I agree with your point, but realtors are protected but layers of legislation. In many areas the realtor groups almost operate like the taxi cartels.


Super cool to see how OP considered the value of control buttons and simplified


My side project is a web app to publish product updates (http://productmap.co). Right now, working on letting users leave feedback and suggest things they want to see in your product.


Hi Michael + Aaron,

We're building a smarter way to share product updates (https://productmap.co).

So far we've received a great amount of interest (waitlist) and have users already integrated that are coming back over and over.

The next steps would be to build out some of the feature requests as it's fairly early right now. One of those requests is having custom domains and users are happy to pay $10-$20/mo for it.

The vision for ProductMap is much larger though -- to tackle the fragmented way companies handle communication and feedback with their customers.

Do you think charging for custom domains would be self-limiting in nature? It's a fairly trivial thing to offer for free.

Thank you in advance! (and meeting with Yuri when he's in Toronto this weekend.)


Why do you believe charging for domains would be self limiting?


Users won't be able to use the product for what it's intended value is (better feedback and communication) if they're turned away so early.

Better put, a custom domain isn't part of the value we add, it's just a gateway to realize the value. Should we be charging for something that's not really tied to the value we provide?


Why would custom domains turn users away?


Ex. A user wants to try it out but paying for a custom domain scares them. They stick to a free subdomain, but never really promote it since it conflicts with their own branding.

Admittedly you're making a good point here that users _would_ get more value this way through increased branding.


I think giving your customers what they want is the central theme behind most of our advice


Absolutely, but would charging them for a (technically) trivial feature be self-limiting to our growth?

Another question: Would be worthwhile to apply to YC with a product of this nature?

This was super helpful. Thank you for taking the time Michael.


Addressing your first point, Heroku charges $20/mo for HTTPS support and plenty of people pay for it: https://elements.heroku.com/addons/ssl


You're right, that's a good example. Thanks!


We built ProductMap to have a place to tell users about new features, updates, and product announcements.
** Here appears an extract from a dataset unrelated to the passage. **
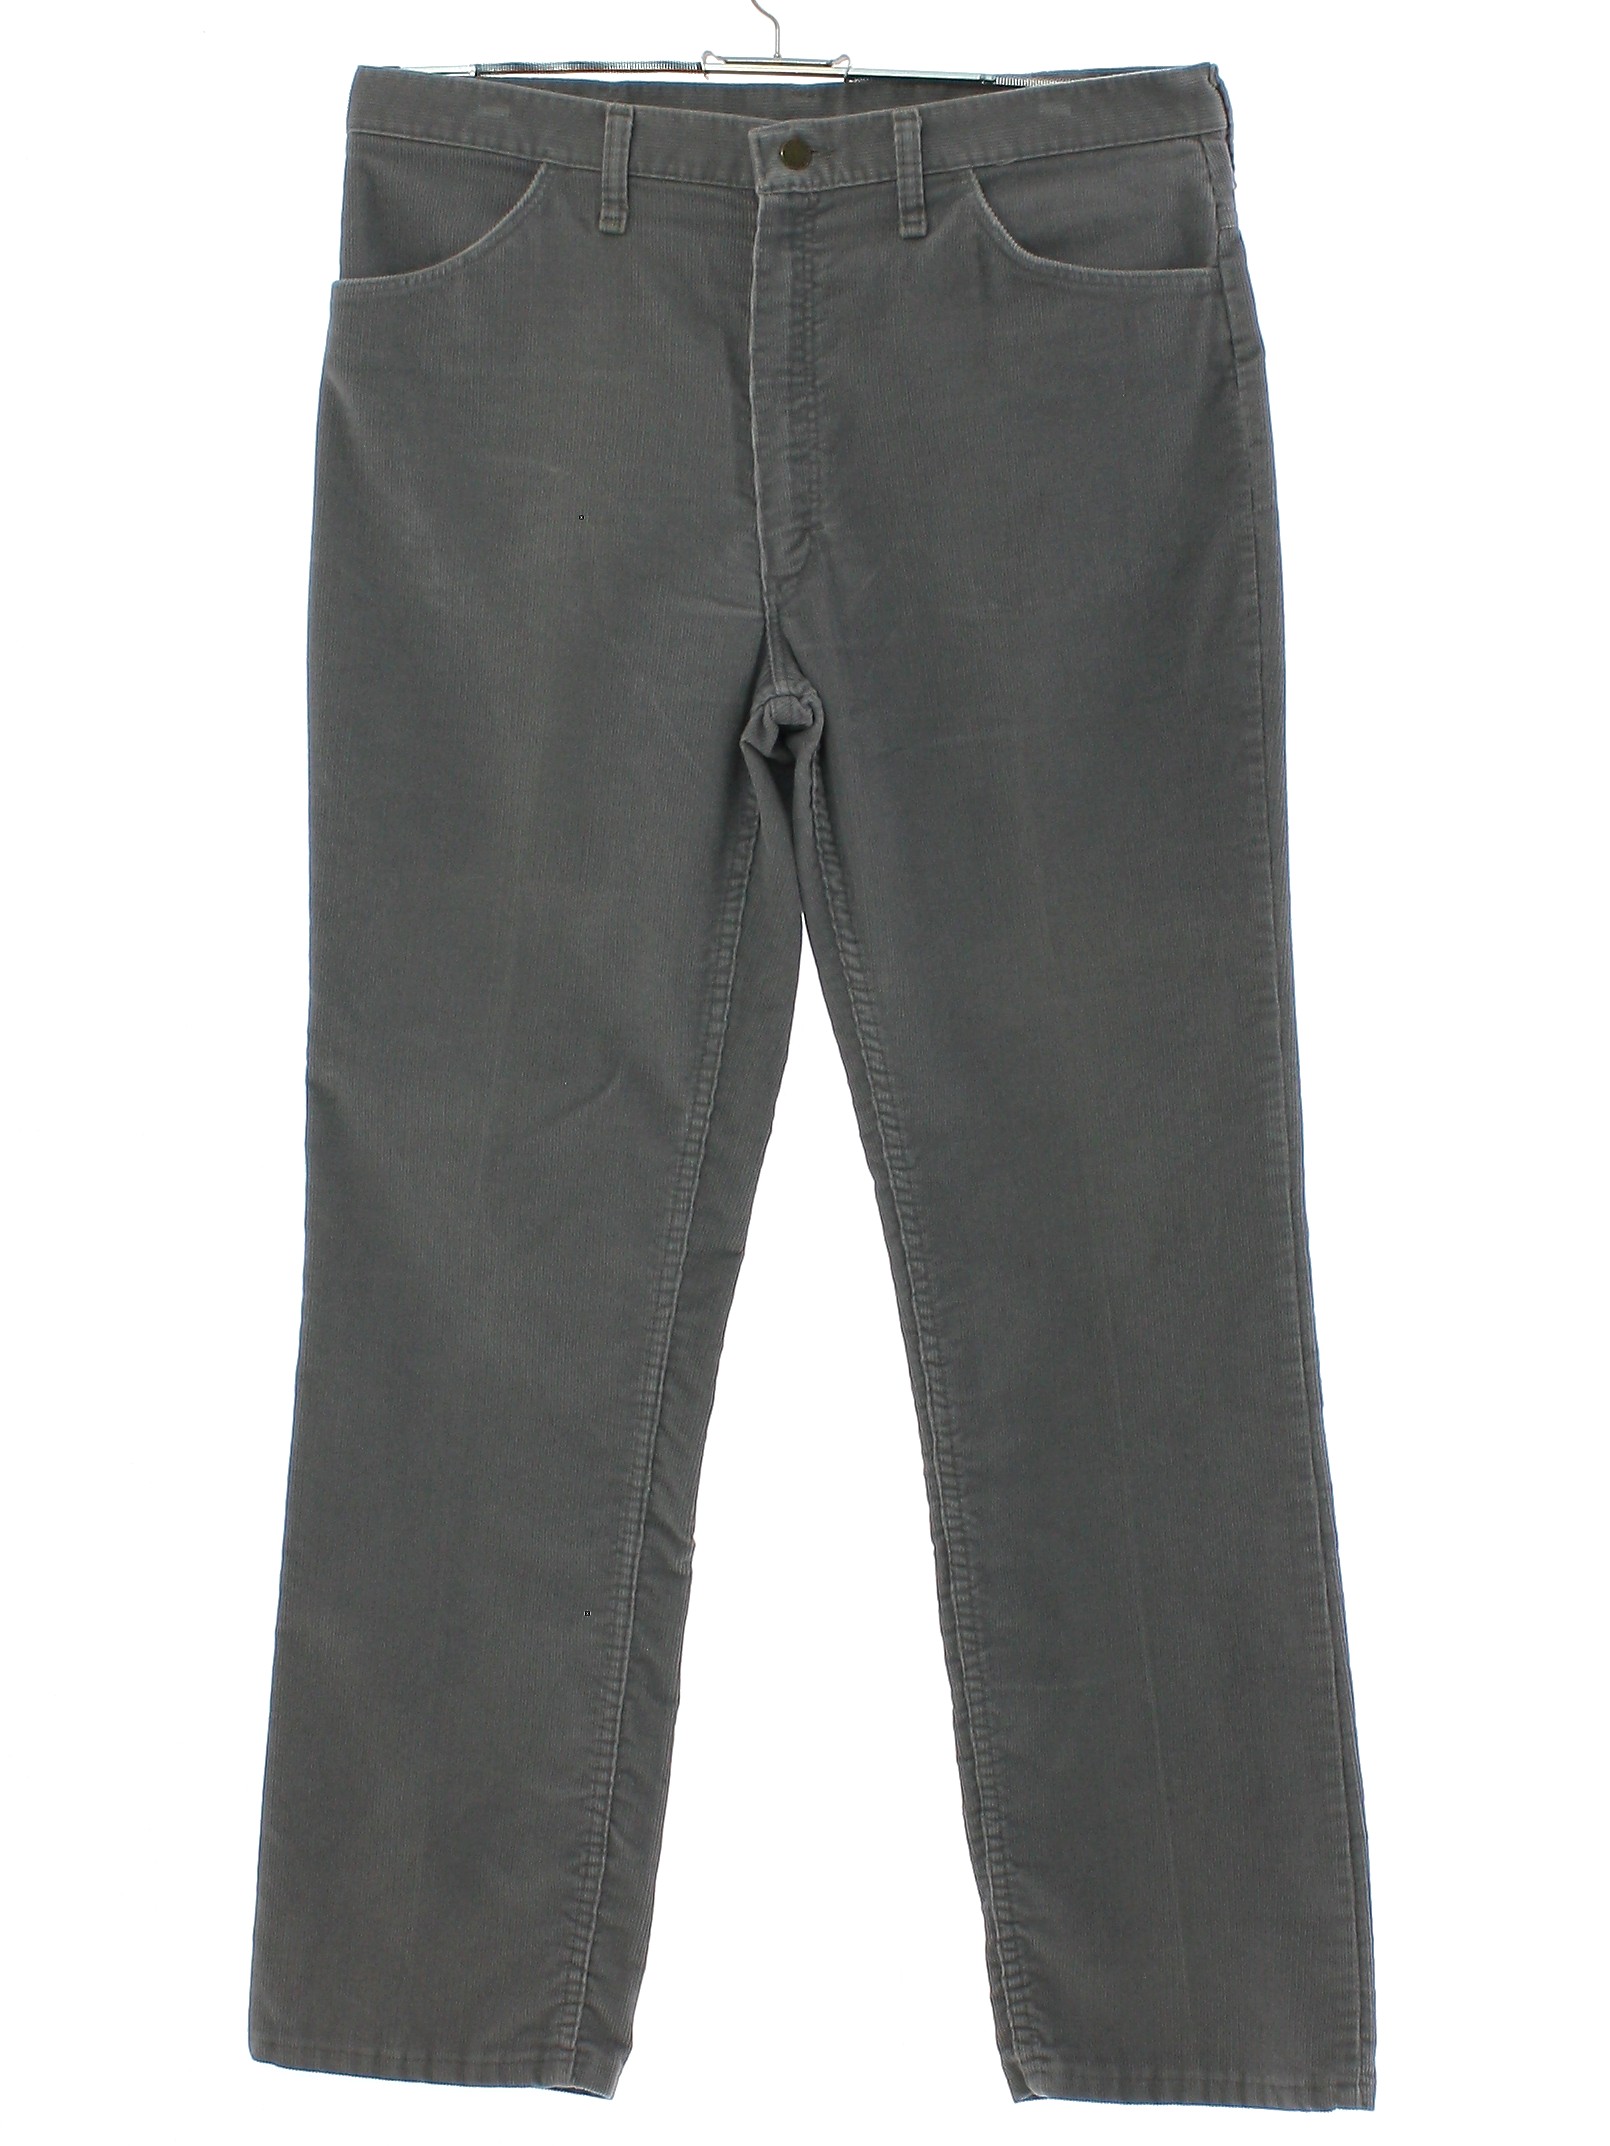 80s Pants (Rustler): Early 80s -Rustler- Mens gray solid colored cotton ...
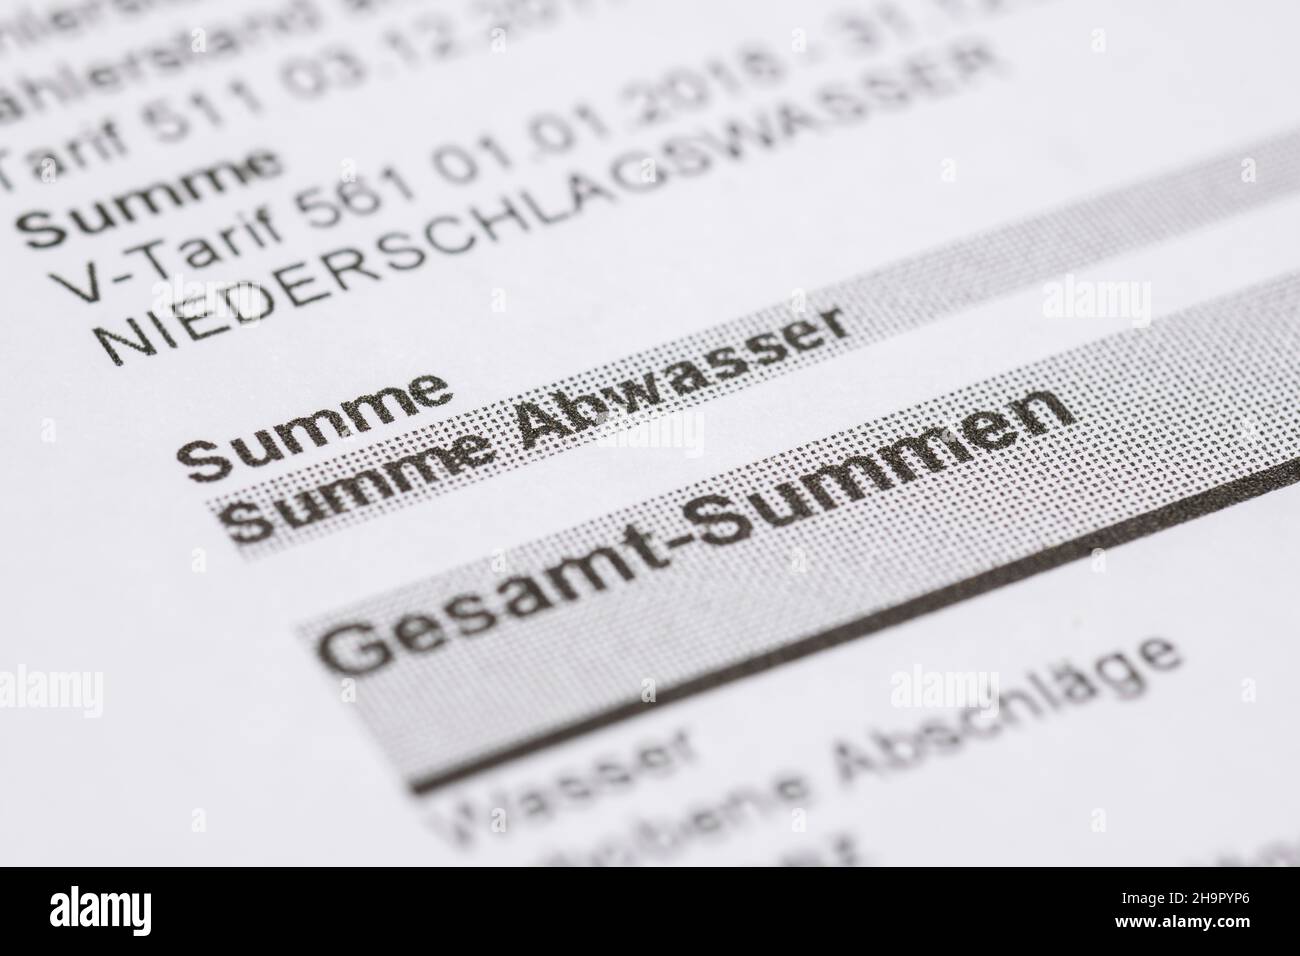 Annual notice, billing, water/wastewater charges, Germany Stock Photo

Down the road we'll be adding things like voting, user feedback, and automatically posting to social media.

Happy to hear feedback!


Cool, very useful.


Thanks :) I think Jira is more for managing the sdlc and an internal tool.

The focus here would be to have an intuitive interface for product updates and getting feedback on new product decisions.


Thank you! Super helpful feedback. I'll add a second like explaining the problem this solves (replacing release notes, changelogs, etc.)

I'm from Toronto :)


Awesome!


Thank you. That seems to be the feedback here (page isn't clear enough). Considering you run a service, how do you convey tell your users about new features in an engaging way?


At the moment I don't have a defined way of updating users of new features. As I'm aiming to run BugMuncher as openly and transparently as possible, a public road map has been on my todo list for quite a while. I'm very interested in your product, which brings me to my next bit of feedback:

I clicked the 'Get Early Access' button, and it opened what looked like it was going to be a survey, which put me off. I decided to give you the benefit of the doubt and clicked the 'Start' button, but my initial instincts where correct, and there where 8 survey questions to answer. I'll be honest, at that point I closed the tab and went about my day.

I'm BugMuncher's solo-founder and only employee, so all tasks fall to me, this makes me really value my time, to the point where those survey questions where enough to make me move on.

When someone clicks the early access button you should do nothing but capture their email address, so you can keep them updated and notify when beta access is granted. Once I've started using your product I'll be much more receptive to the survey.


Appreciate the honesty here! I'll make sure to shorten that down to 1-2 Qs.